Ein genauerer Blick auf Daten-Backhauling-Probleme
Kurz gesagt:Mit der zunehmenden Verbreitung von Echtzeitsystemen müssen Analysen und Entscheidungen näher an die Ereignisquelle rücken, den Zustand aufrechterhalten, mit minimaler Latenz und vollständiger Konsistenz ausgeführt werden.
Ein kürzlich veröffentlichter Volt Active Data-Blog relativierte die Probleme beim Backhauling von Daten und diskutierte, wie adaptive Edge-Intelligence-Systeme sie beseitigen.

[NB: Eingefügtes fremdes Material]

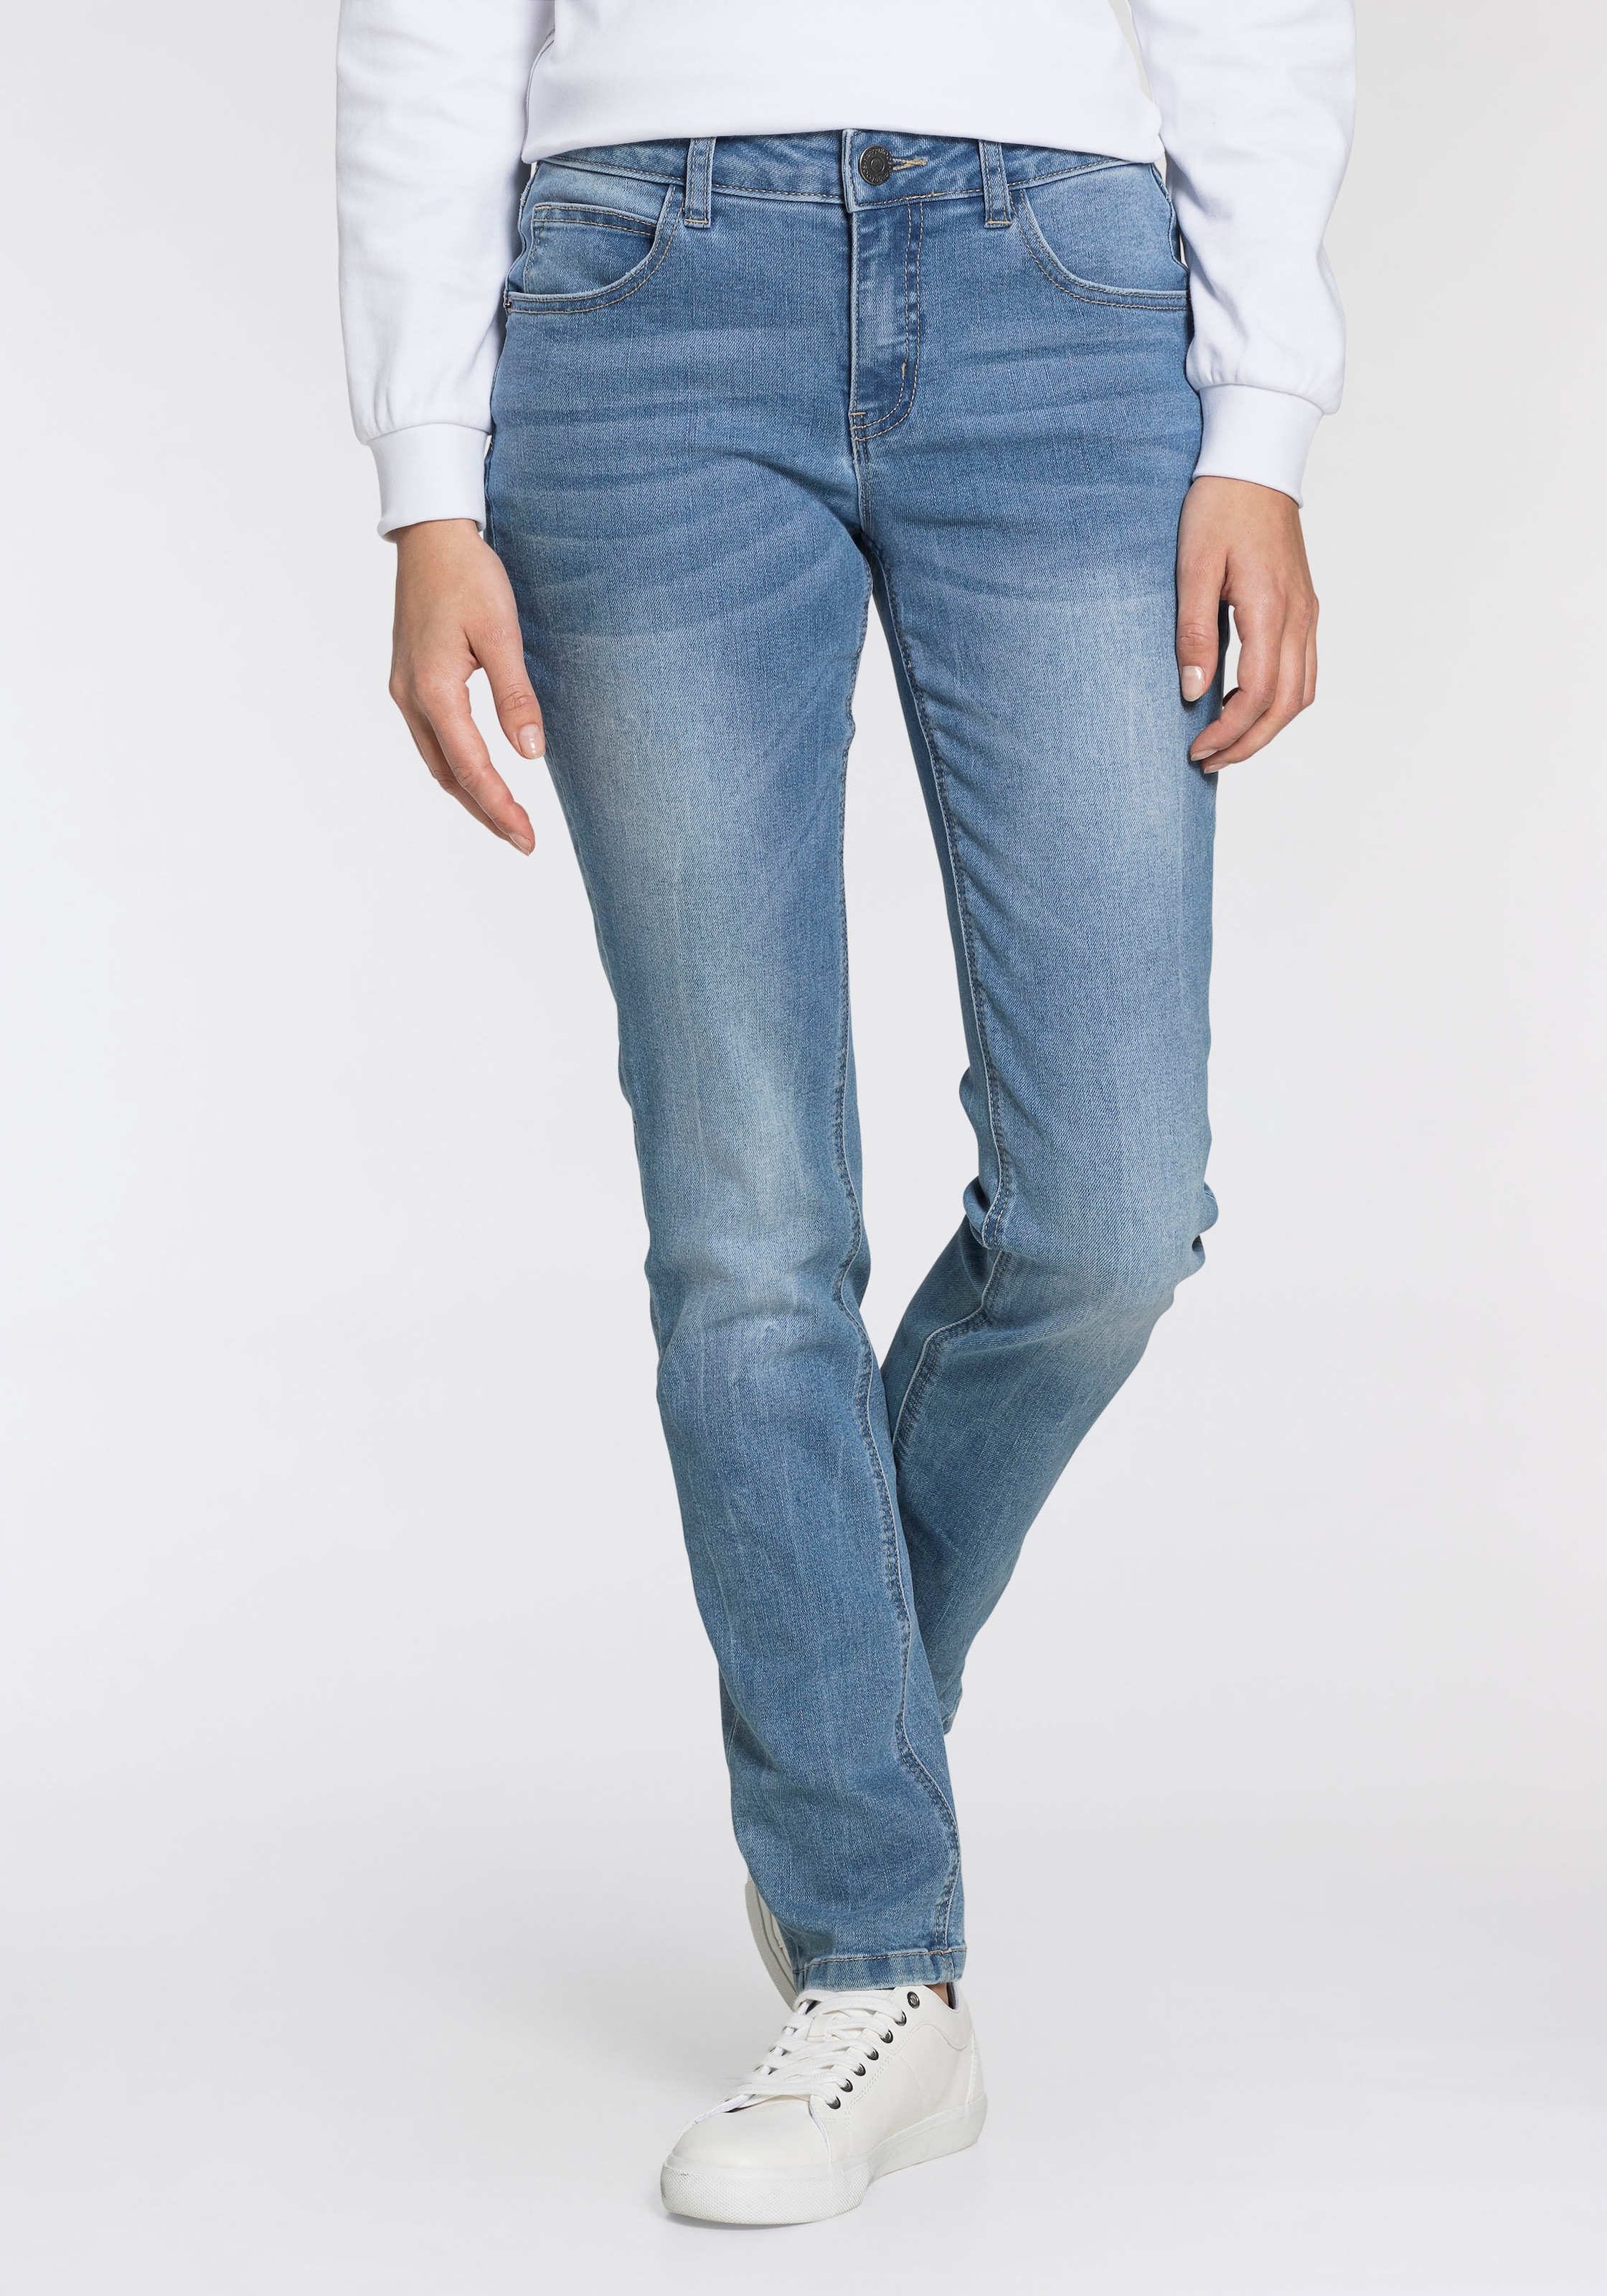 Trendige KangaROOS Jeans kaufen jetzt ♕ online

Der Blog stellte fest, dass die zentralisierte Datenverarbeitung zwar einen gewissen Verwaltungskomfort bietet, aber erhebliche versteckte Kosten mit sich bringt. Dazu gehören hohe Bandbreiten- und Speicherkosten durch den Transport und die Unterbringung großer Datensätze, ein erhöhter Energieverbrauch und der damit verbundene CO2-Fußabdruck, Netzwerklatenz- und Zuverlässigkeitsprobleme (insbesondere bei Echtzeitanwendungen) sowie ein höheres Risiko von Single Points of Failure, wenn die gesamte Verarbeitung von einer zentralisierten Infrastruktur abhängt.
Um diese Probleme zu lösen, verlagern Unternehmen die Intelligenz an den Rand:Sie verarbeiten und filtern Daten näher an ihrer Quelle, sodass nur sinnvolle, reduzierte Informationen nach oben gesendet werden. Ein solches Edge-Native-Modell senkt die Übertragungs- und Speicherkosten, reduziert die Latenz drastisch, verbessert die Betriebsstabilität und ermöglicht umweltfreundlichere, nachhaltigere Architekturen.
Ein letztes Wort
Da Unternehmen immer mehr Automatisierung, KI und autonome Abläufe am Edge einführen, wird das Modell, alles an ein Rechenzentrum zu liefern, zunehmend unhaltbar. Die Zukunft liegt in hybriden und Edge-nativen Architekturen, bei denen Daten lokal verarbeitet, an der Quelle reduziert oder angereichert werden und nur hochwertige Ausgaben oder Aggregate nach oben gesendet werden.